The Natural

Before I loved the movies, I loved Roger Ebert. As a teenager, I spent hours lying on my bed, engrossed in a fat purple volume of his _Home Movie Companion_, with its summaries of “grownup” films I had never dared to see: _Leaving Las Vegas_, _Flirting_, _Natural Born Killers_. Later, I would understand how much more grownup Ebert’s reviews were than many of the movies themselves, but at the time, I just knew he was genuine. His informal prose, often suggesting a chat between intimate friends, radiated a nearly aching romance with cinema. He retold other people’s stories, and sometimes I recognized my own.

My reading was a solitary pleasure, though hardly a unique one. Just about everybody loves Roger Ebert. Instantlyrecognizable from his long-running television shows _Sneak Previews_ and _At the Movies_,hedidn’t so much teach us to take movies seriously—at a time when critics such as Pauline Kael were enshrining films as high art—as make criticism seem like a universal pastime. His naysayers, who are not without their ammunition, charge that he never became much of a student of cinema, and deride his plainspoken, democratic style as artless. But for more than 40 years, he has celebrated the joy of moviegoing and given his readers confidence in their ability to read a film intelligently without being snooty about it.

Since 2006, when thyroid cancer and complications of surgery deprived him of his jaw, his ability to eat and drink, and his speech—his communication is now limited to the written word and the thumb that for years warred with that of the late Gene Siskel on television—Ebert has been granted the chance, like his boyhood hero Huckleberry Finn, to sit in the back of the church for his own eulogies. Even as the tributes pile up, Ebert, now 69, keeps expanding his following. Pundits wondered if there could be an Ebert in the Internet age; it turned out that that new-media critic was—Ebert. His Web site, rogerebert.com, attracts more than 100 million visitors a year. Ebert is one of the few movie critics working today who is comfortable engaging his readers as equals in online comment threads. With this new audience, he has alsobroached a new subject: himself.

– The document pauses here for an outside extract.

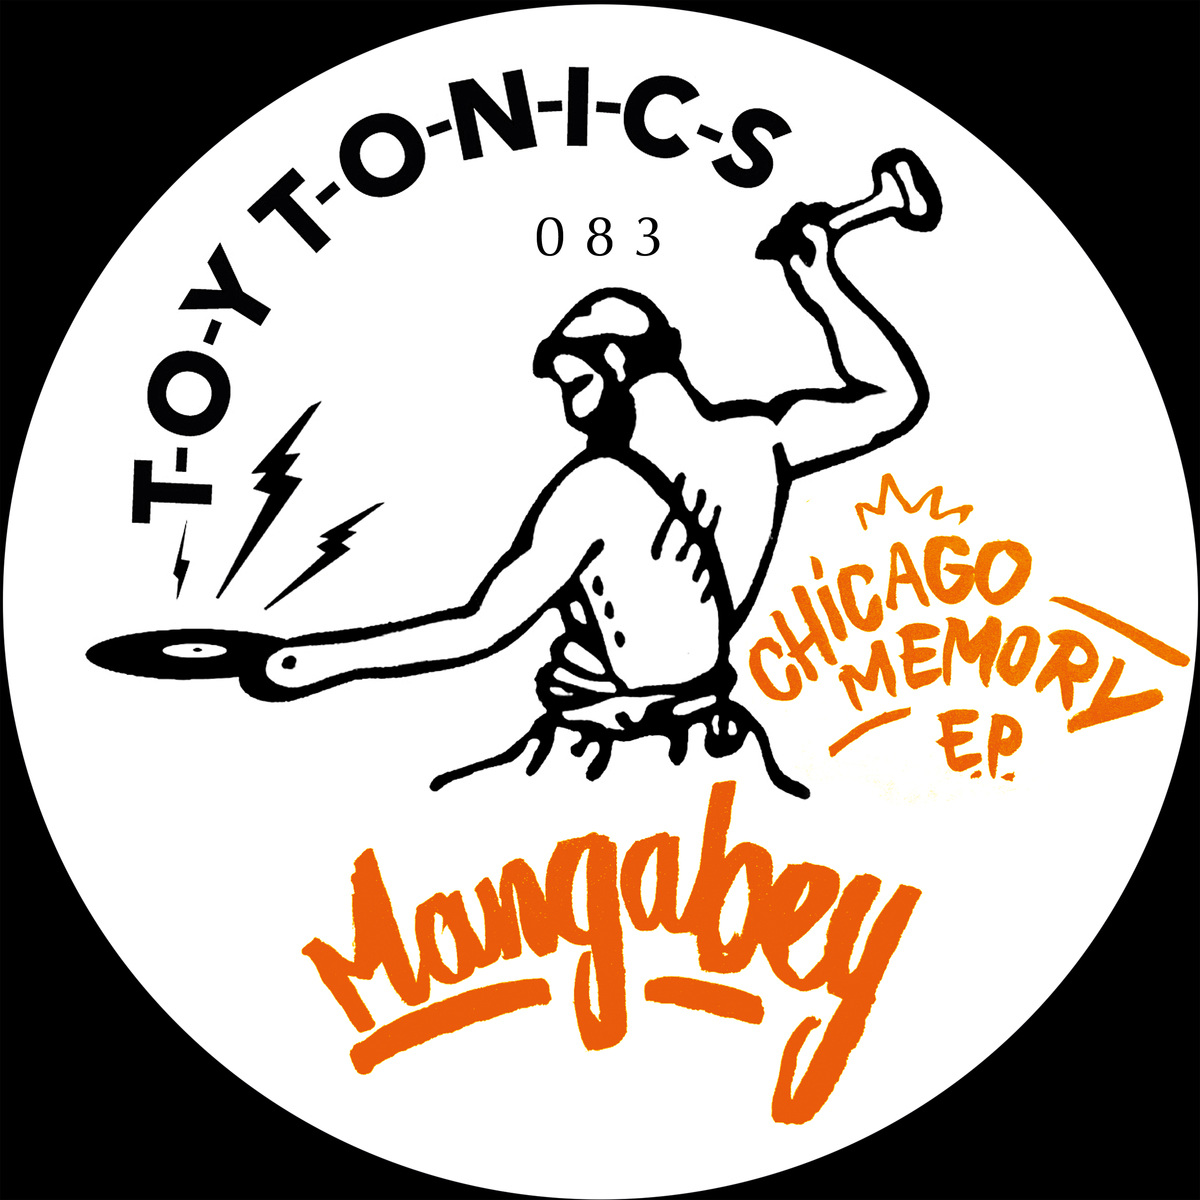 Mangabey - Chicago Memory EP / Toy Tonics

From the personal blog posts that mingle with his reflections on movies have emerged _Life Itself_, a discursive, companionable memoir that foremost confirms what fans have long known: Ebert is a natural born writer. But the book also makes clear how little we have known of a person who seems to have lived so much of his life in public. For all the years wags spent ridiculing the once rotund Ebert’s fondness for food, we never knew that his real, dangerous weakness was booze. The book’s most compelling essays are sober considerations of alcohol. Ebert celebrates a rollicking Chicago journalists’ dive called O’Rourke’s, then makes an impassioned case for the honest self-appraisal offered by Alcoholics Anonymous. (Of the barroom he remarks, “We knew who we said we were, who we wanted to appear to be, and who O’Rourke’s thought we were, and that was knowing each other well enough.”) He also celebrates his history of interracial romances—his wife, Chaz, is African- American, and he once tried, unsuccessfully, to date Oprah Winfrey.

Though Ebert never cites it explicitly, the book that _Life Itself_ most closely mirrors is _A Child of the Century_, the 1954 autobiography of the fluent Hollywood screenwriter Ben Hecht, a former reporter who wrote _His Girl Friday_. Like Hecht, Ebert spends more time chronicling Windy City newsroom capers and childhood idylls than he does contemplating the pictures he liked or didn’t. And the two men, each a writer working at the edges of a temporal art, give special place to the enduring quandaries: God and girls. For Ebert, these two are inextricably linked: His mother wanted him to be a priest, and he resisted, keeping “as much of my life as possible a secret from her” as she slipped into angry alcoholism. He remains anguished about the relationships he let slip away, sheltered in movie theaters watching other lives.

It is perhaps with these losses in mind that he offers his ultimate philosophy. “To make others less happy is a crime,” he writes. “To make ourselves unhappy is where all crime starts.” This book will bring others happiness, because the author so deeply feels pleasure and so honestly acknowledges its obstacles.